**YOUR ASSIGNMENT**
In the data below, which lines hold the word "York"? Copy them.
======
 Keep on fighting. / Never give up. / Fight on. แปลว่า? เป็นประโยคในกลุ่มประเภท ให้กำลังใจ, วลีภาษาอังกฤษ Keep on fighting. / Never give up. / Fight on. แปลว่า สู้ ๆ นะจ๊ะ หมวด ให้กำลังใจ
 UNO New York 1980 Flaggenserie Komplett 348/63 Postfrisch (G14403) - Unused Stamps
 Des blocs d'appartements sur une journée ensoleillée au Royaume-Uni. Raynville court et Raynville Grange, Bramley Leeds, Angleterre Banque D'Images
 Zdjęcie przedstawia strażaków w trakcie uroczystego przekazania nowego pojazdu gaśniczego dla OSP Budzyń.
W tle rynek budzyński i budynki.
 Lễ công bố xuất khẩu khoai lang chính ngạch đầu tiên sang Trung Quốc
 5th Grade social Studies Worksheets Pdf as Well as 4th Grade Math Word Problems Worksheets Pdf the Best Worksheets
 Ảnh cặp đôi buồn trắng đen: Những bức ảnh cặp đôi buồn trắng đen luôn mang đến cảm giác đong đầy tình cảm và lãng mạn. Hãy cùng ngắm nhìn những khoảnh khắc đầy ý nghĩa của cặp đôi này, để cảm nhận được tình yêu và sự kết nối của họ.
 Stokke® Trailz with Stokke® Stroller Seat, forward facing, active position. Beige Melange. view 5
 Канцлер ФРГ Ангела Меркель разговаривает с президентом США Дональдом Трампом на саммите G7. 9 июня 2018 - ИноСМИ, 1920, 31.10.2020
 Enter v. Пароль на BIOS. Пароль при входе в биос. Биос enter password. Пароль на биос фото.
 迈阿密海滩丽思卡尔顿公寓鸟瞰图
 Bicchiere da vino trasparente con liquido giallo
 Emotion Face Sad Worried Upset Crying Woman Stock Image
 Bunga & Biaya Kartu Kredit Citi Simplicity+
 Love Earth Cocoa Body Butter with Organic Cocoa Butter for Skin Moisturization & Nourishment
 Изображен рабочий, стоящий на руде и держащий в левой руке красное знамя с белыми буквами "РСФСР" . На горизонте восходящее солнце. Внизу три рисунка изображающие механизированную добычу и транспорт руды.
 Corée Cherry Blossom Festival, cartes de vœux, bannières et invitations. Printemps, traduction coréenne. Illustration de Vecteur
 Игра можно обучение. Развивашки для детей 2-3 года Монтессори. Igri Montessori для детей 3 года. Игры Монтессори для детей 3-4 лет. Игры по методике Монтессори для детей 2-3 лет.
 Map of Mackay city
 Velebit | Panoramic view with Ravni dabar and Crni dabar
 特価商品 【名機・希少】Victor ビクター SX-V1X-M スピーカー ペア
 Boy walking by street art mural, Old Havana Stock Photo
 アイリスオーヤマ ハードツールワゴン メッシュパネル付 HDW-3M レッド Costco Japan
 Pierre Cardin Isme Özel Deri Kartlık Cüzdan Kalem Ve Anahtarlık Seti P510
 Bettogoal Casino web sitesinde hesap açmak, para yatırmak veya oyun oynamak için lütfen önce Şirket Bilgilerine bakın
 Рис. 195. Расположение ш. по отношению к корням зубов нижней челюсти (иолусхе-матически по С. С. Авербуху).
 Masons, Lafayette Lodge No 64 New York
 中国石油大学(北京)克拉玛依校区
======
**YOUR RESPONSE**
 UNO New York 1980 Flaggenserie Komplett 348/63 Postfrisch (G14403) - Unused Stamps
 Masons, Lafayette Lodge No 64 New York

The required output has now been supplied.